Where do you measure and what does your dome thermometer do while you have a runaway WSM?
How fast is the spike? Are we talking 5 minutes to go from 250-300? 60 minutes?
Where are your vents before it runs away?
How did you fill your wsm? Full bag of charcoal in the ring?
When I completely close off two of my bottom vents, I have a charcoal burn that moves towards the side with the only open vent. A pit probe in the "hot zone" over the open bottom vent of the WSM with the charcoal burning directly underneath can easily go to 300F, while the rest of the cooking chamber is more in the area of 225-275.
When I see a spike with the pit probe, I look at the dome thermometer. A true 300F spike should have at least 275 at the dome. If not, I discard the pit probe measurement as faulty, for example due to charcoal burn.
If you measure the pit temp next to the meat, you will read 10-30F lower than the actual pit temp for quite a while. Cold meat cools the area around the probe. Meat "sweats" water during the cook, and especially during the stall, further cooling the area around it. 250 next to a big piece of meat can be more like 275-300 in actual pit temperature.

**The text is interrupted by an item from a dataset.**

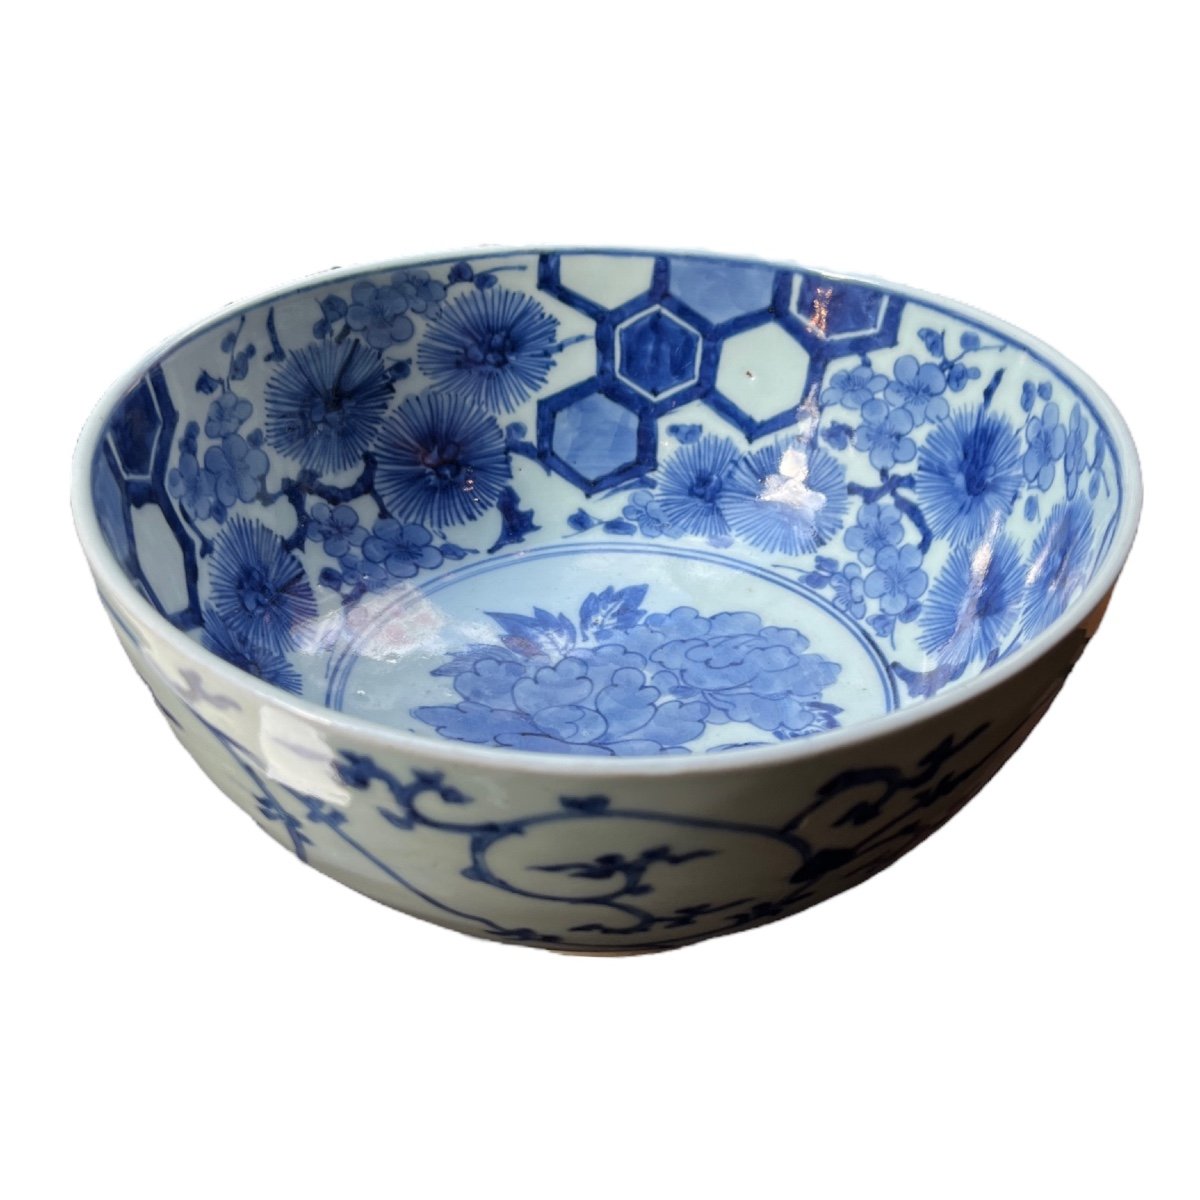 Grand Bol En Porcelaine Japonaise Bleu Blanc, Japon, Arita, Edo Period, Fin Du 18ème Siècle.
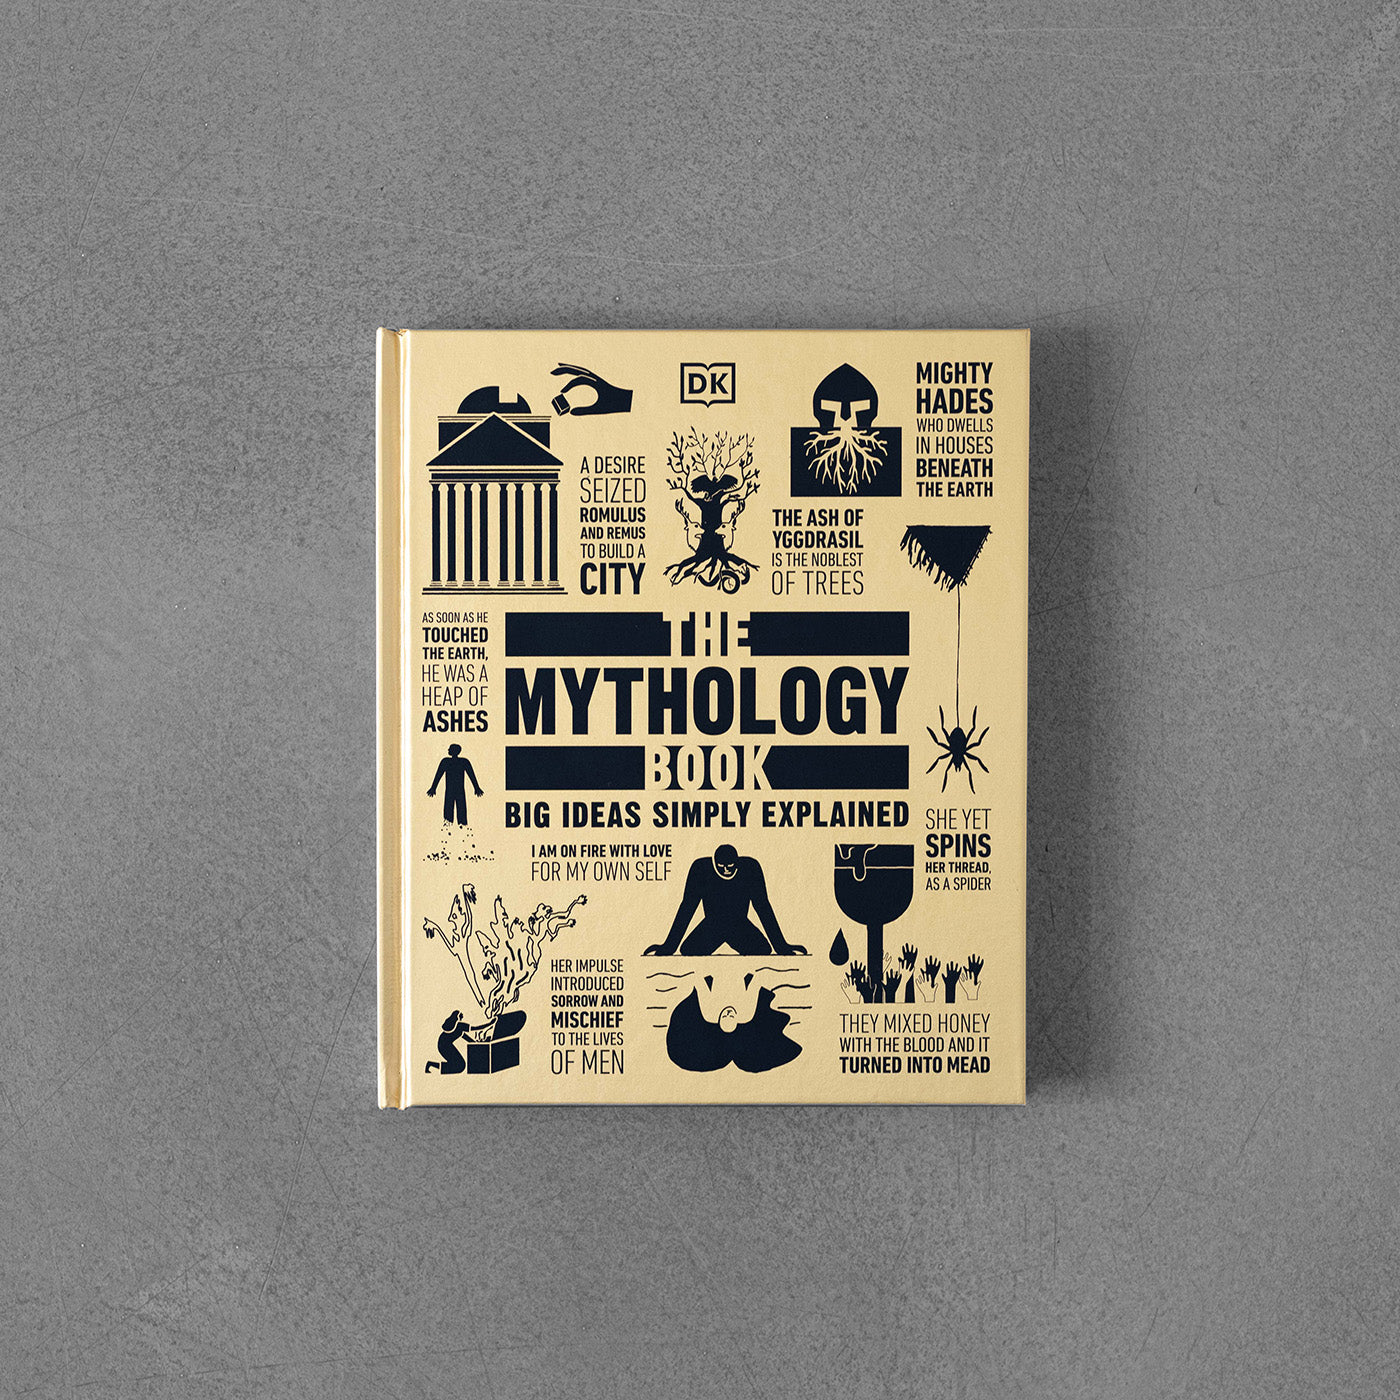 Książka mitologiczna: Po prostu wyjaśniono wielkie idee

Lastly, on getting a big 22 WSM down in temp: Yeah, its a pain. Somebody here in the forum told me the theory of lit vs unlit charcoal. Once your WSM is at 300, you have a bunch of charcoal lit to get to that temp. Getting the temps back to 250 requires you to have fewer coals burning. But what you control is airflow. So to get thentemps down, you close the vents until coals are smoldering. Temps go down. If you then go back to any sustainable vent setting, you still have too many coals lit and the temp immediately spikes again. You need to get the amount of burning coals down. I have not found a good recipe yet. Coals would need to either burn out without lighting other coals, you would need to extinguish coals by starving them of oxygen and letting them cool down significantly, or you may need to physically remove coals. Just ideas.